The Grand Junction Indian School opened its doors in 1886, becoming the seventh school in the federal system of residential boarding schools for Indigenous youth outside reservations. Located in the mountain west, the school was established just four years after the city of Grand Junction was founded. The school's purpose was to provide both academic and industrial education to Indigenous students, with the goal of improving their livelihoods on and off the reservations. However, this education also had a darker purpose: to erase Indigenous culture, causing immense damage to the ability of Indigenous peoples to maintain their languages and customs. Tragically, many students who attended the Grand Junction Indian School never returned home.

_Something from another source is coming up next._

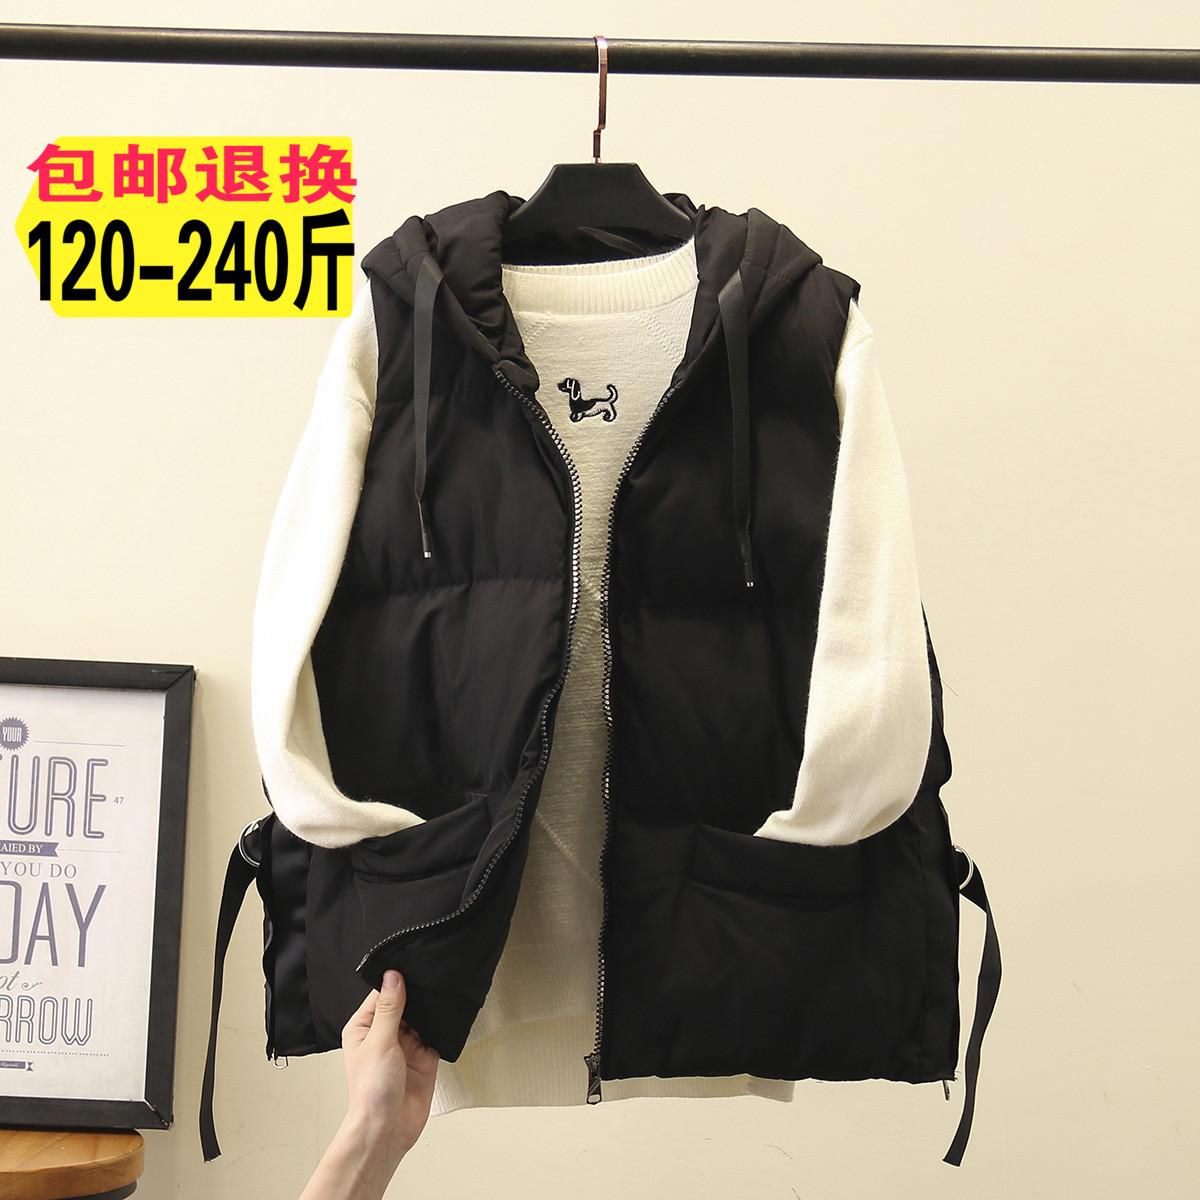 230 kg kích thước lớn phụ nữ ngắn đoạn dày áo khoác cotton áo khoác béo mm cộng với cotton không tay mặc áo ngoài 240 kg - Áo vest
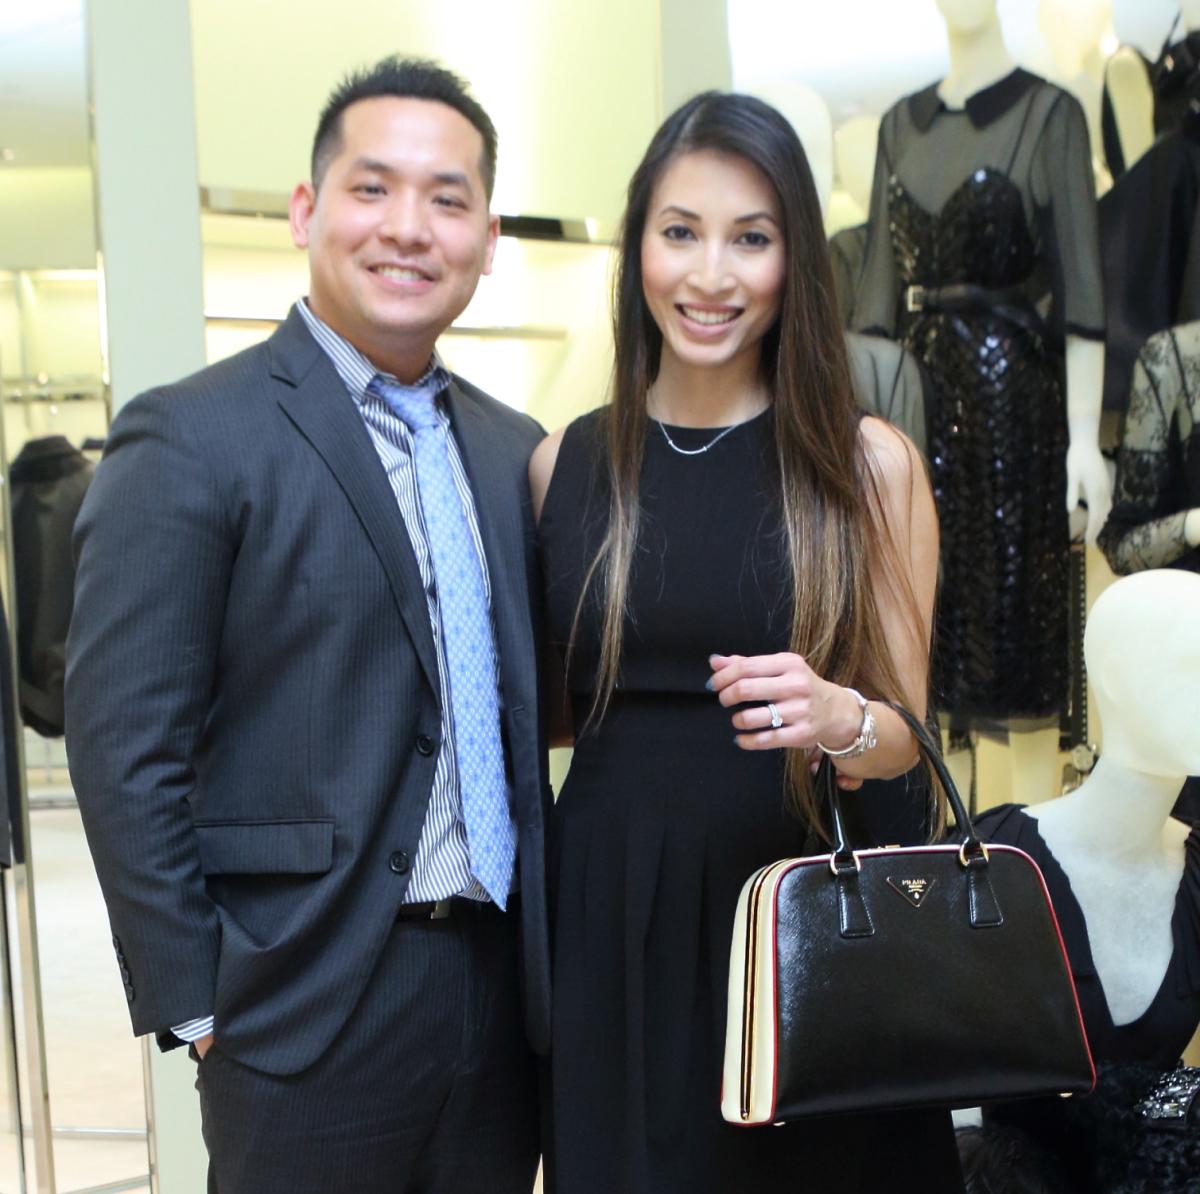 Ryan Nguyen, Vy Le at APAHA kickoff party at Prada

They were buried in school cemeteries, never to see their families again. To further their education, students were sent on “field trips” to work in local industry. A 1909 inspection report sent to the Office of Indian Affairs revealed that the school's heating and plumbing systems were in urgent need of repair and that the school engineer lacked the necessary experience to perform the work. In addition, enrollment was initially limited to children and eleven students were sent to Rocky Ford to work under the supervision of Charles Dagenette (a member of the Peoria tribe). Dagenette was a former student of the well-known Carlisle boarding school and then supervisor of Indigenous employment in Colorado. The Grand Junction Indian School prohibited students from speaking Indigenous languages, ensuring that children were dressed in Western clothing, and required them to worship according to Christian tradition.
In 1921, after receiving permission from Congress to convert the dilapidated school into a nursing home, the state of Colorado rehabilitated the main buildings on the campus and opened the State School for Residences and Training for the Mentally Disabled. Today, organizations such as the University of Colorado Mesa, the Southern Ute Tribe and the Colorado Indian Affairs Commission are making efforts to find and preserve the cemetery and commemorate the experiences of Indigenous children at the Grand Junction Indian School.